Note that we have specified that the learning rate should be explored equally accross each order of magnitude range.

Now we will setup the tuner object, which will run the hyperband algorithm. We set the max epochs to 12, the same as the baseline example above, but in reality this number should be larger. We also specify that we want the model with the best validation accuracy, and that all models should be evaluated in triplicate. Directory and project name will be used for a folder and subfolder (respectively) to hold the results.

tuner = Hyperband(
    MNISTHyperModel,
    max_epochs=12,
    objective='val_accuracy',
    executions_per_trial=3,
    directory='hyperband',
    project_name='MNIST_hyperband_2')

To review the search space to be searched by the model run:

tuner.search_space_summary()

Now we will kick off the training. This took about an hour on a modern GPU (Titan V)
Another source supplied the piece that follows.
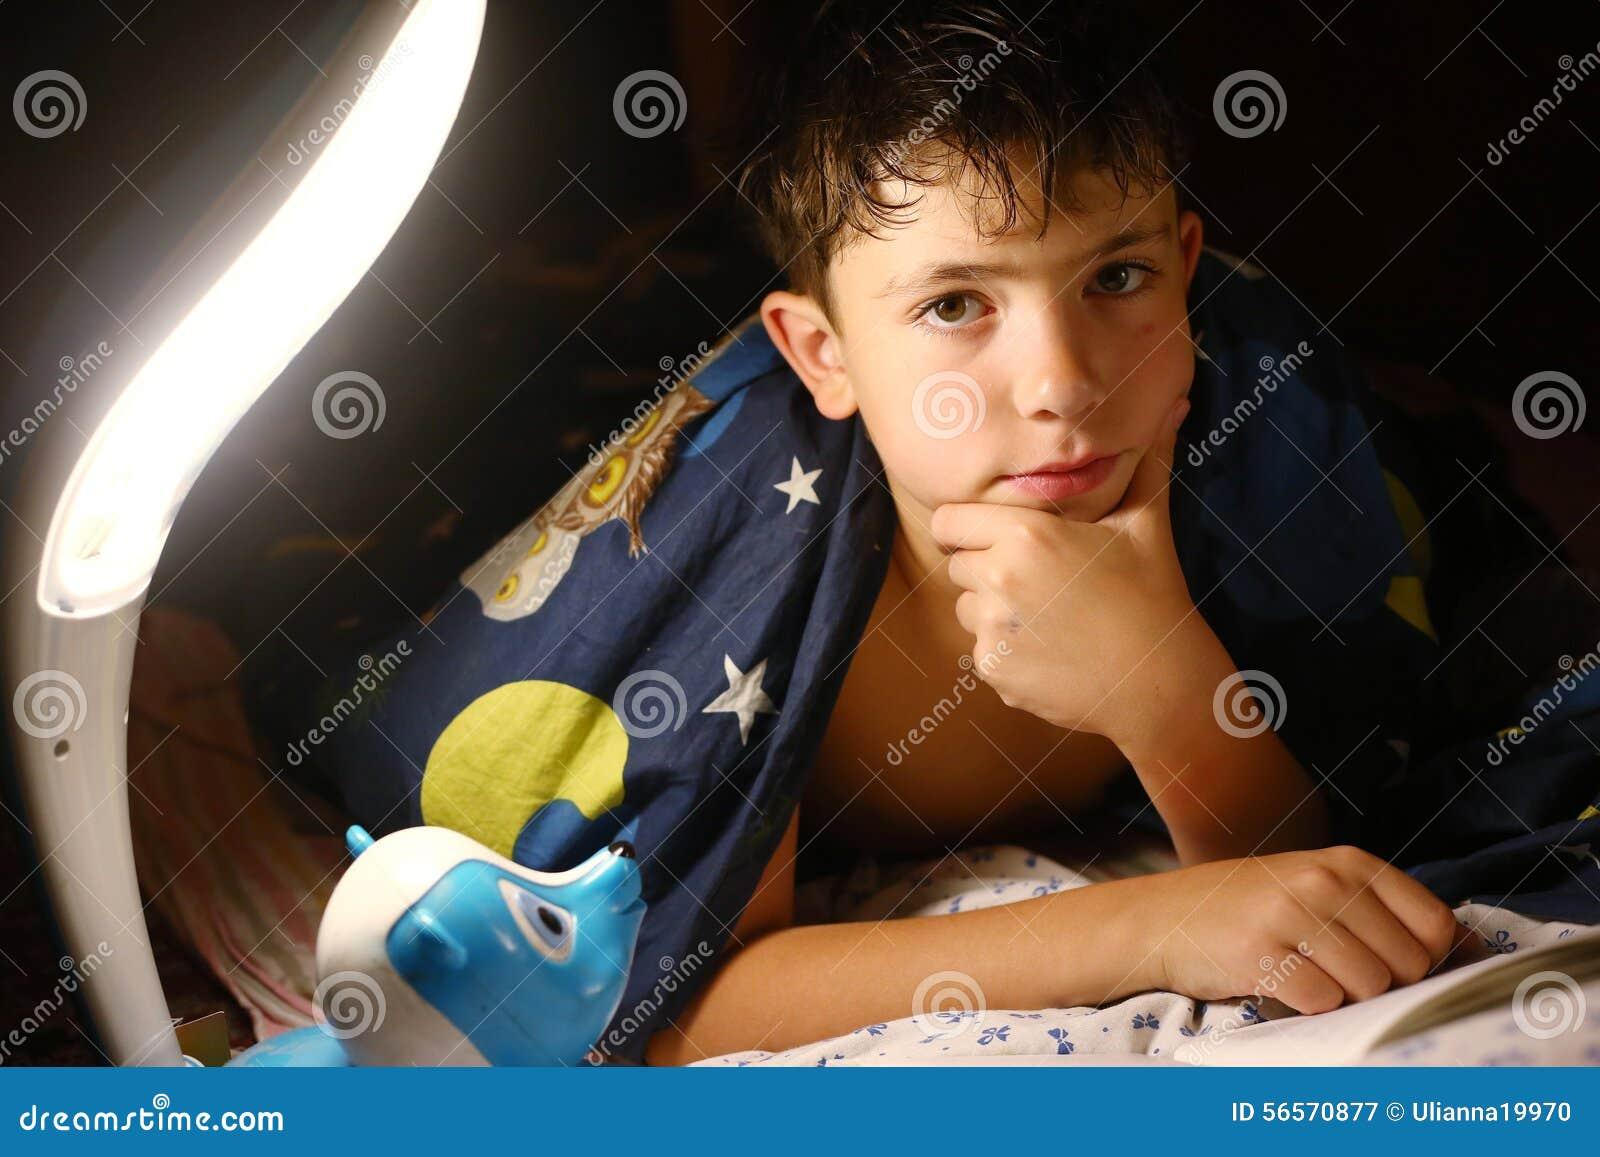 Download Όμορφο διαβασμένο αγόρι βιβλίο Preteen με το λαμπτήρα πριν από τον ύπνο Στοκ Εικόνα - εικόνα από καυκάσιος, καλμένη: 56570877

tuner.search(x_train, y_train, validation_split=0.1)

Once that completes, we can show a summary of the search:

tuner.results_summary()

We can get the best model, and test it out on the same split as before:

best_model = tuner.get_best_models(num_models=1)[0]
loss, accuracy = best_model.evaluate(x_test, y_test)
print(accuracy)
0.9927

About the same as the basic model! Not too surprising given the relative simplicity of the problem, and the low number of epochs.

Let’s examine the model:

best_model.summary()
Model: "sequential"
_________________________________________________________________
Layer (type)                 Output Shape              Param #   
=================================================================
conv2d (Conv2D)              (None, 26, 26, 16)        160       
_________________________________________________________________
conv2d_1 (Conv2D)            (None, 24, 24, 16)        2320      
_________________________________________________________________
max_pooling2d (MaxPooling2D) (None, 12, 12, 16)        0         
_________________________________________________________________
dropout (Dropout)            (None, 12, 12, 16)        0         
_________________________________________________________________
flatten (Flatten)            (None, 2304)              0         
_________________________________________________________________
dense (Dense)                (None, 384)               885120    
_________________________________________________________________
dropout_1 (Dropout)          (None, 384)               0         
_________________________________________________________________
dense_1 (Dense)              (None, 10)                3850      
=================================================================
Total params: 891,450
Trainable params: 891,450
Non-trainable params: 0
_________________________________________________________________

Much more detailed results can be found in the output folders of the specific runs (we named this folder earlier), including the preformance in each round, and what models “made the cut” in each round.

Final Thoughts

In this blog post, we introduced the problem of hyperparameter optimization within the context of machine learning. We discussed the practical importance of solutions in the development of complex algorithms, constructing model performance benchmarks, and finding the best hyperparamter configuration in a fixed resource context. We then outlined some well-known and well-practiced solutions in random search, grid search, those involving Bayesian optimization, and then th HyperBand algorithm. We focused on describing the technical components of the HyperBand algorithm, and its associated subroutines and theory. Finally, we presented an example implementation of the Hyperband algorithm in an experimental setting to concretely outline a specific use-case and to reference an easy-to-use Python package available by Keras for developers.